_PROBLEM DESCRIPTION_:
From the line below containing "Beach-goer does flips across the beach" to the final line, print each line exactly as written. No pictures belong in the copy.

_RECORDED INFORMATION_:
━━━━━━━━

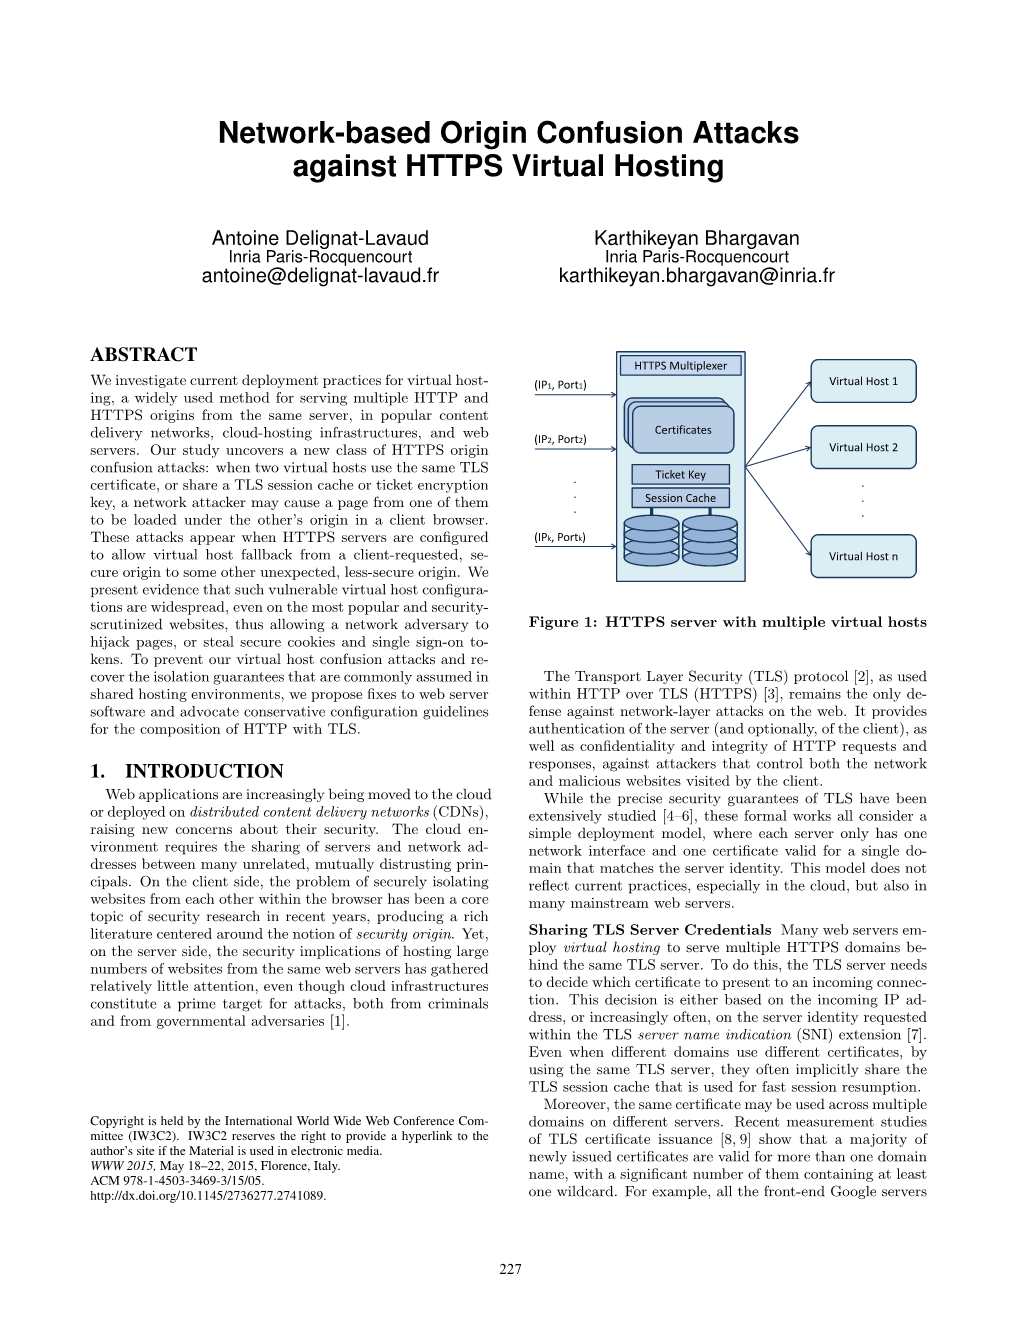 Network-Based Origin Confusion Attacks Against HTTPS Virtual Hosting
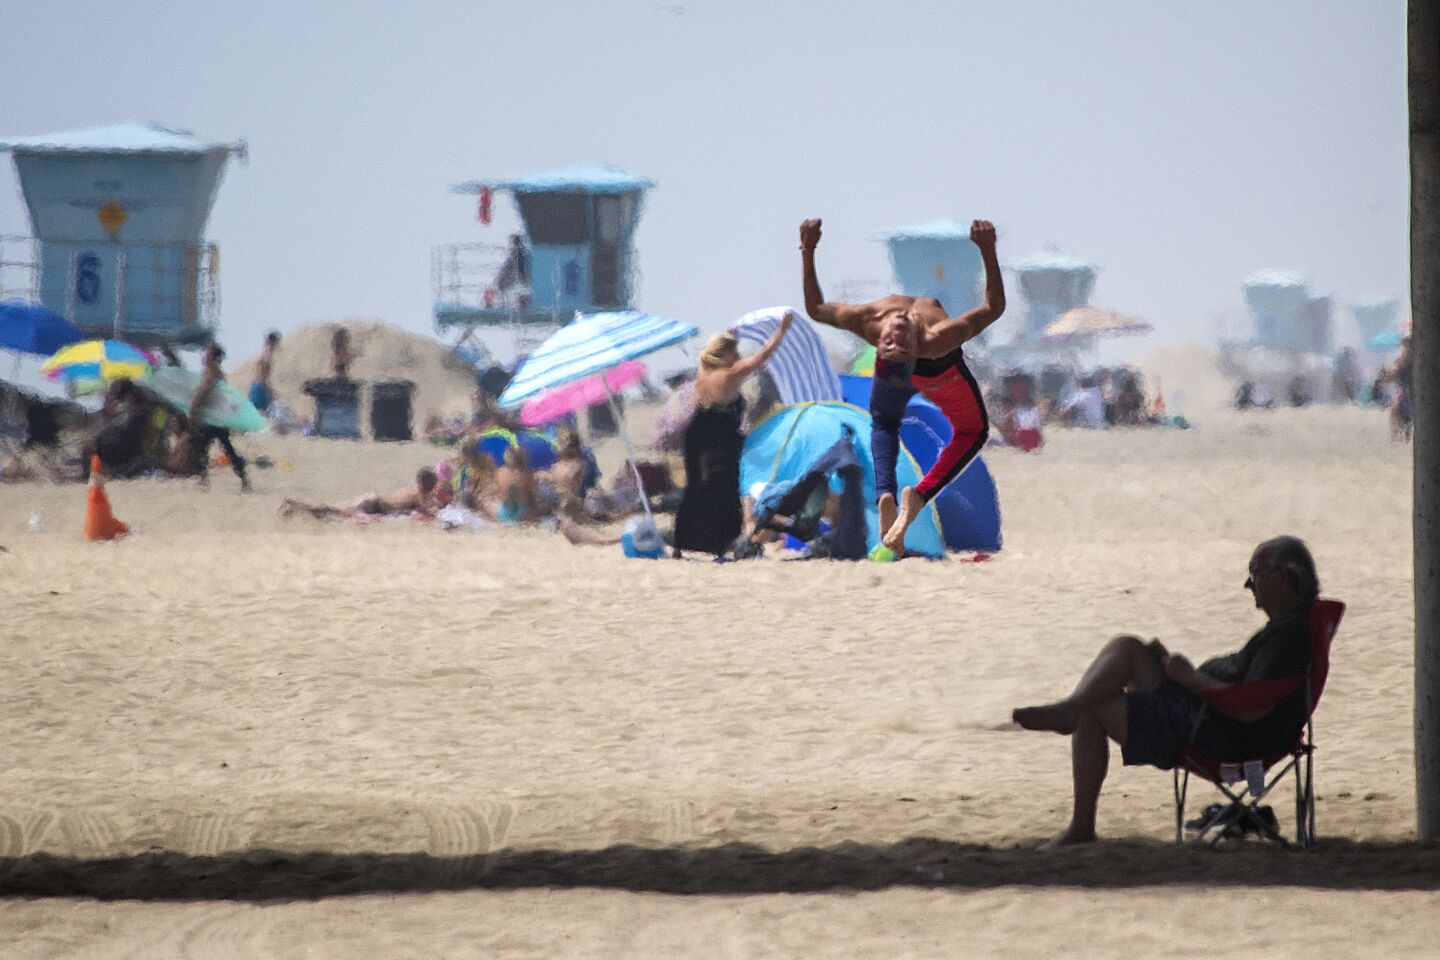 Beach-goer does flips across the beach
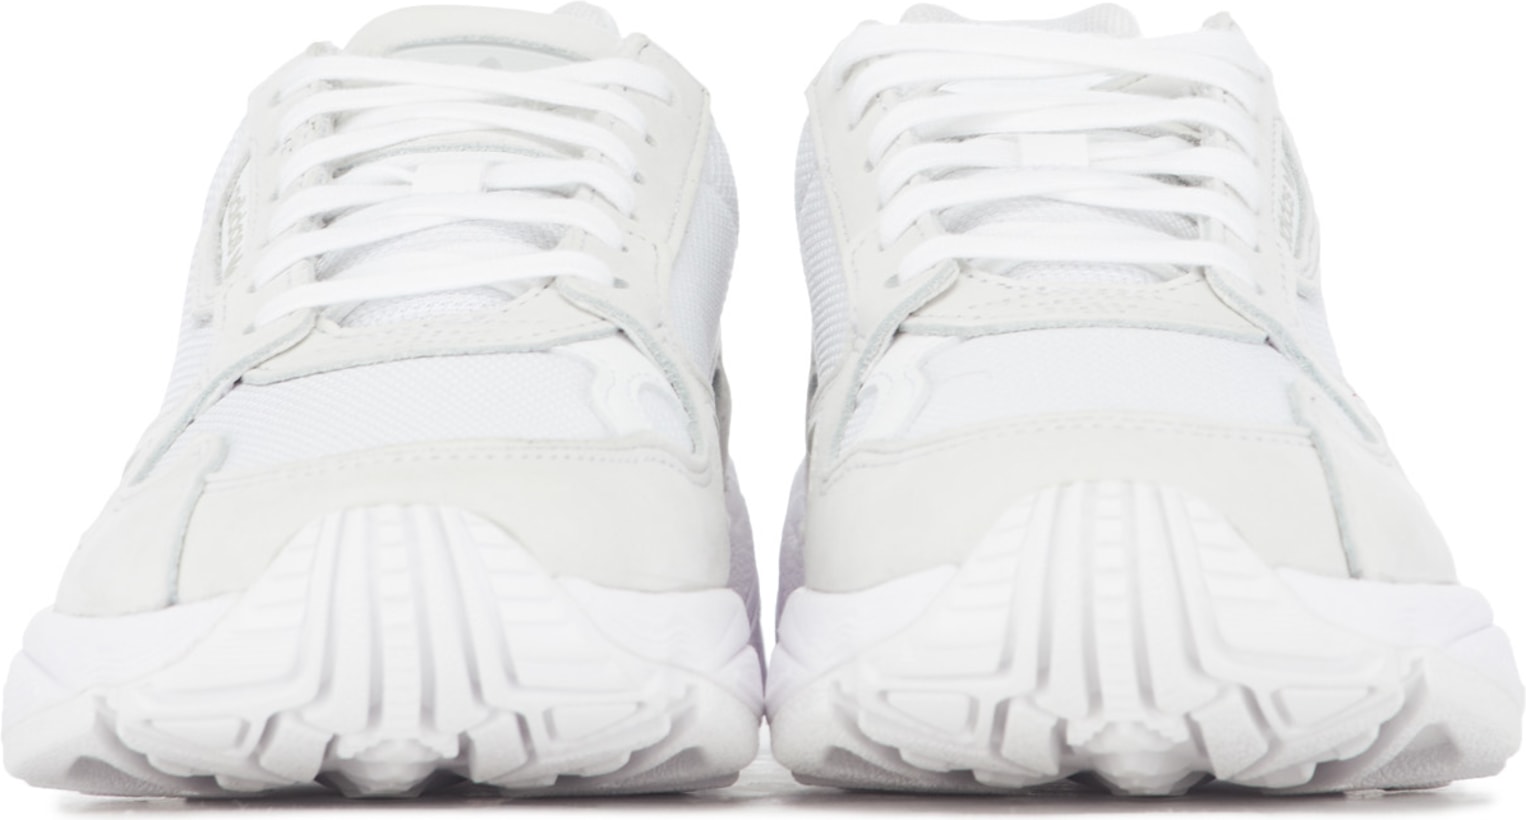 adidas Originals: Falcon - Footwear White/Footwear White/Crystal White ...

━━━━━━━━

_RESPONSE_:
 Beach-goer does flips across the beach
 adidas Originals: Falcon - Footwear White/Footwear White/Crystal White ...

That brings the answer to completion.